But there is a limit. Each user in the batch needs their own KV cache. At 4K context with Llama 3 70B, that is 1.07 GB per user. A batch of 512 would need 548 GB of KV cache alone — far more than any single GPU's VRAM. In practice, batch sizes of 32-128 are common for large models, balancing GPU utilization against KV cache memory.
Your CEO asks: "Is our chatbot fast?" You check average latency: 2 seconds. Looks fine. But you dig deeper and find that the P99 latency is 45 seconds — 1 in 100 users waits nearly a minute. Which number do you report?
Both. And neither alone. Inference performance is multidimensional. A single number can hide catastrophic user experiences or mask excellent tail behavior. This chapter builds your full vocabulary for measuring LLM inference speed — the metrics that actually matter when you're on-call at 2am and the pager is screaming.

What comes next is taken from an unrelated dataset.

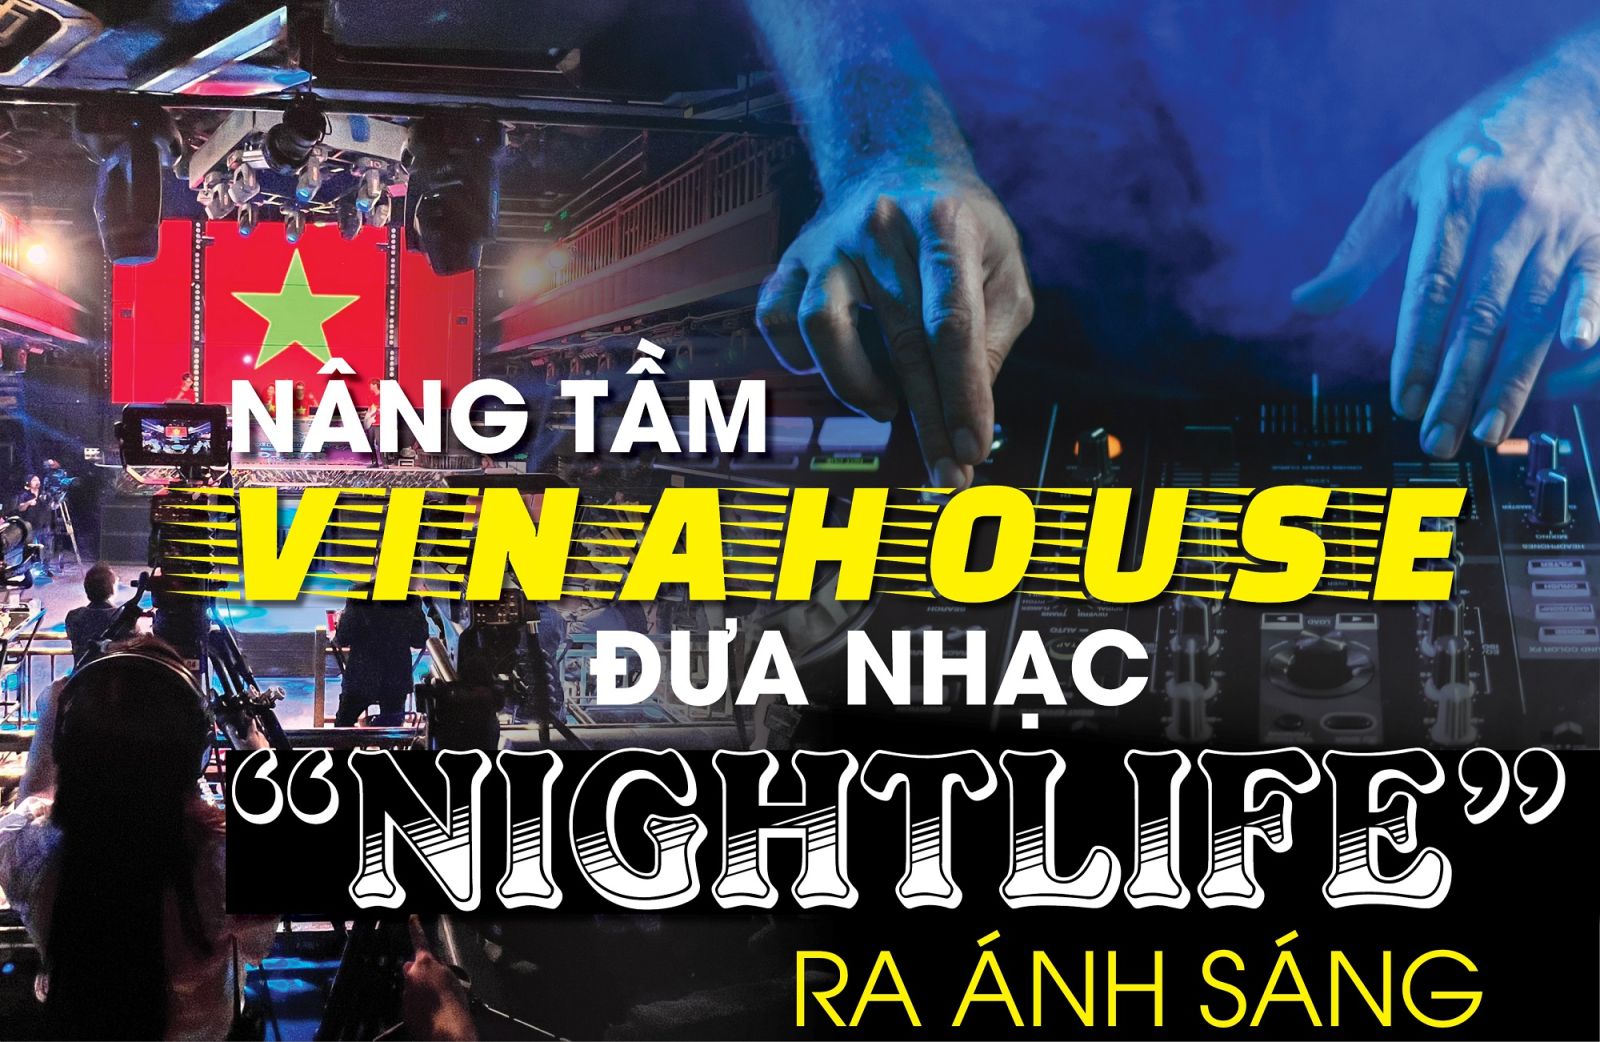 Nâng tầm Vinahouse, đưa nhạc "nightlife" ra ánh sáng

TTFT (Time to First Token) measures the elapsed time from when a request is submitted to when the first output token is generated. It captures the entire prefill phase: tokenizing the prompt, computing KV caches for every input token, and producing the first logit distribution.
Why does TTFT matter? Because it's what the user feels. When you type a question and stare at a blank screen, that silence is TTFT. Even if the rest of the response streams smoothly, a long TTFT makes the system feel broken.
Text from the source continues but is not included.